Sea area natural gas hydrate barrel type mining device

Technical Field

The utility model relates to a sea area natural gas hydrate cartridge formula exploitation device.

Background

Natural gas hydrate (also known as combustible ice) is a green energy source. The carbon content of the natural gas hydrate which is researched and explored is 2 times of the sum of the carbon content of fossil energy (petroleum, natural gas and coal), most of the carbon content is stored in a sedimentary layer of an offshore continental shelf, and a small amount of the carbon content is stored in a plateau frozen soil area, so that the energy demand of human beings in the next 1000 years can be met. Therefore, it is considered to be a new energy source having a great potential to replace conventional energy sources such as petroleum, coal and natural gas.

The exploitation principle of the natural gas hydrate comprises the following steps: pressure reduction, heat shock, chemical agent displacement and solid state fluidization, and the combined application of the above single methods. At present, the depressurization method and the improvement scheme based on the depressurization method are generally considered to be the best way for realizing the industrialized trial production of the sea natural gas hydrate, and other methods are mainly used as auxiliary yield increasing measures or gas production stabilizing measures of the depressurization method.

The existing depressurization method is mainly realized by reducing the pressure in a shaft after drilling, such as a patent CN 107676058B-a method and a device for displacement exploitation of marine natural gas hydrate mortar, a CN 109763794B-method for depressurization and heating combined exploitation of a marine hydrate multi-branch horizontal well, a CN 101672177B-method for exploitation of seabed natural gas hydrate and the like. However, the decomposition of the natural gas hydrate around the shaft can cause the strength of a reservoir to be greatly reduced, a large amount of sand is produced in a stratum, the instability of the shaft is further caused, the continuous exploitation is difficult to realize, and the problem occurs in the trial exploitation of the natural gas hydrate in multiple sea areas at home and abroad. In addition, the value of produced natural gas is far from covering the drilling cost, so commercial production is not achieved at present.

SUMMERY OF THE UTILITY MODEL

The utility model discloses improve above-mentioned problem, promptly the to-be-solved technical problem of the utility model is to the characteristics of sea area natural gas hydrate generally existing in clay matter silt sand or silt matter deposit, provides a low-cost step-down exploitation system and exploitation method that need not drill a well.

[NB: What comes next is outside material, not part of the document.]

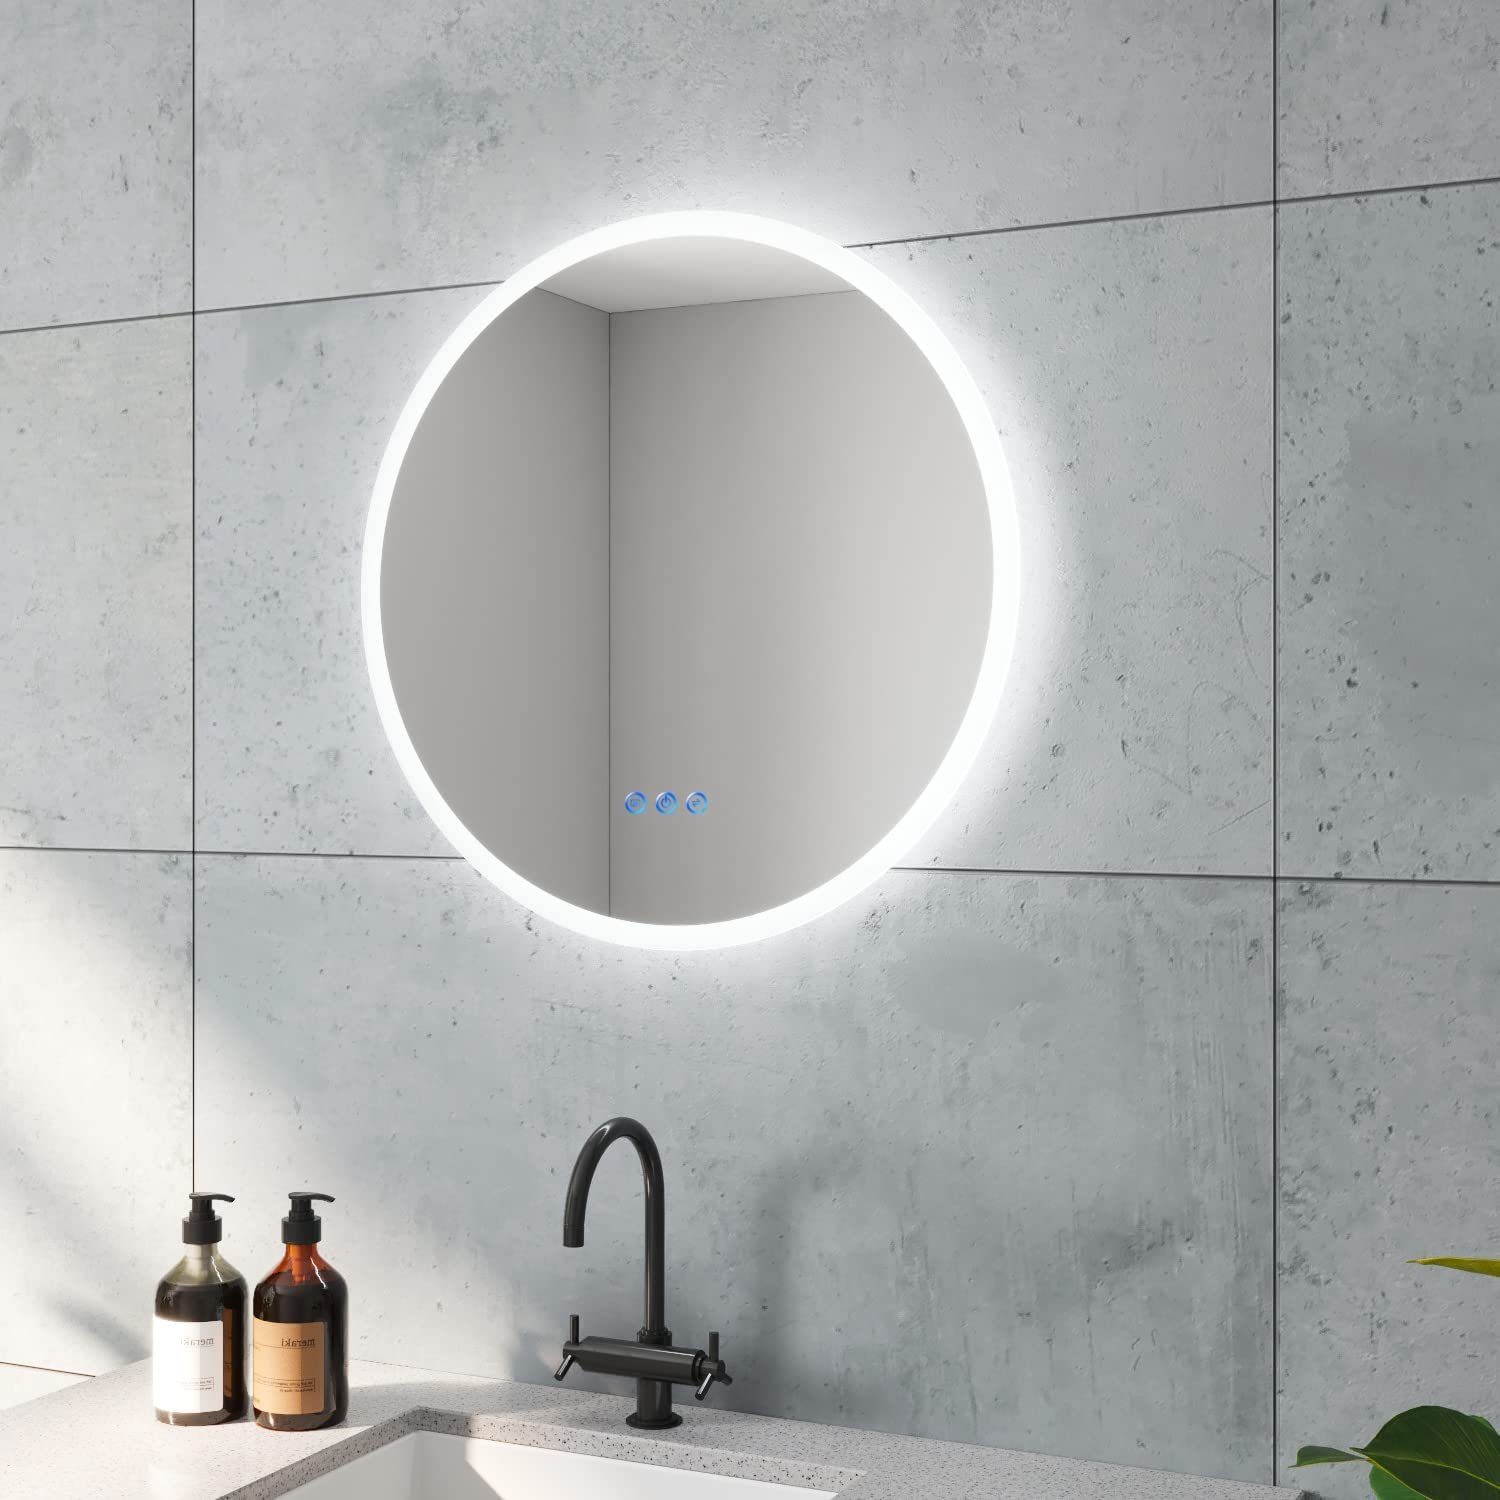 AQUALAVOS Badspiegel Rund Badspiegel mit LED Beleuchtung Dimmbar Beschlagfrei Wandspiegel, 6400K Kaltweiß & Warmweiß 3000K, Touchschalter, Energiesparend | Badspiegel
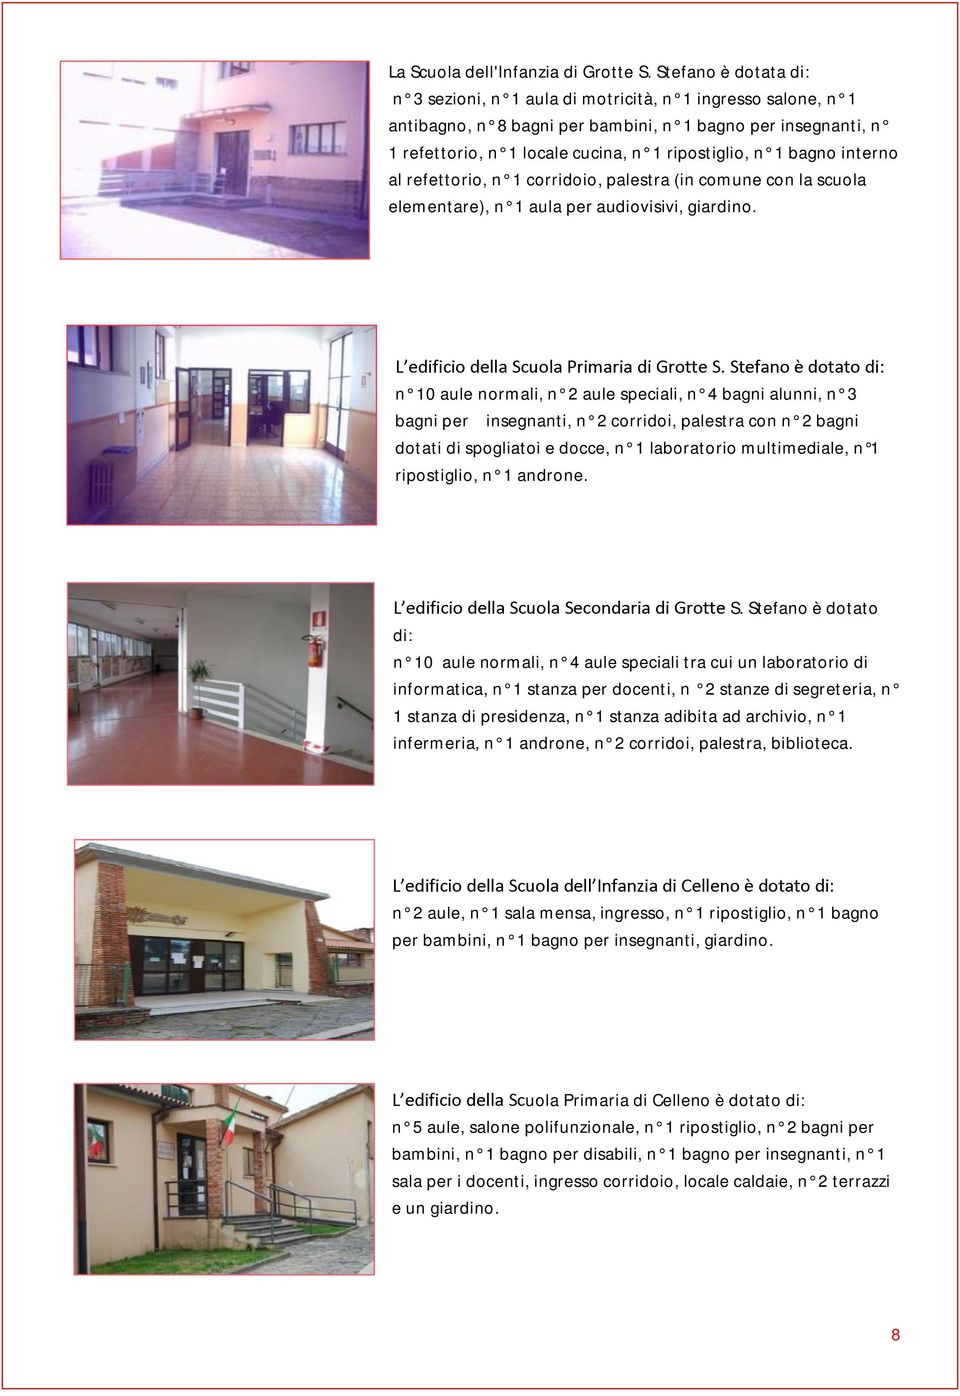 bagno interno al refettorio, n 1 corridoio, palestra (in comune con la scuola elementare), n 1 aula per audiovisivi, giardino.

The utility model discloses a concrete implementation scheme is: a drum type exploitation device for sea area natural gas hydrate comprises an exploitation drum capable of sinking below the sea surface, a water pump, a sand prevention device and a gas-liquid lifting system; the mining barrel comprises a top plate and a barrel body extending from the lower part of the top plate to form a cylindrical structure with a closed upper side and an unclosed lower side; the water pump is fixed on the top plate and communicated with the inner cavity of the barrel body, and liquid in the mining barrel can be discharged outwards through the water pump to reduce the pressure in the mining barrel and control the mining barrel to sink in the stratum;

the sand prevention device is positioned at the bottom of the mining barrel, a cavity is formed between the sand prevention device and the mining barrel, and the cavity is cylindrical; the cavity is communicated with a water pipeline and a gas pipeline;

the gas-liquid lifting system comprises at least one lifting power device, wherein one end of the lifting power device is connected with the cavity, and the other end of the lifting power device is connected with or lifts liquid and/or gas in the cavity through the channel.

Further, one end of the water conveying pipeline is connected with the gas-liquid lifting system, and the other end of the water conveying pipeline extends to the outside of the collecting cylinder; one end of the gas transmission pipeline is connected with the cavity, and the other end of the gas transmission pipeline extends to the outside of the collecting cylinder so as to be convenient for collection; under the action of formation pressure and gravity, the liquid in the cavity moves downwards, and the gas-liquid lifting system presses the liquid in the cavity into the water conveying pipeline and lifts the liquid; the gas in the cavity moves upwards through the gas transmission pipeline; the lifting power device is an electric pump, and the electric pump is an electric submersible centrifugal pump, an electric submersible screw pump or a combination of the electric submersible centrifugal pump and the electric submersible screw pump.

Further, the sand control device is disc-shaped and covers the bottom side of the cavity. The upper surface and the lower surface of the sand control device are provided with one-way water permeable protective components which are tightly attached to the sand control device.

Further, the input end of the lifting power device is connected with a gas-liquid separation device.

Furthermore, a water-stop plate fixed on the top of the sand control device and vertical to the top is arranged in the cavity.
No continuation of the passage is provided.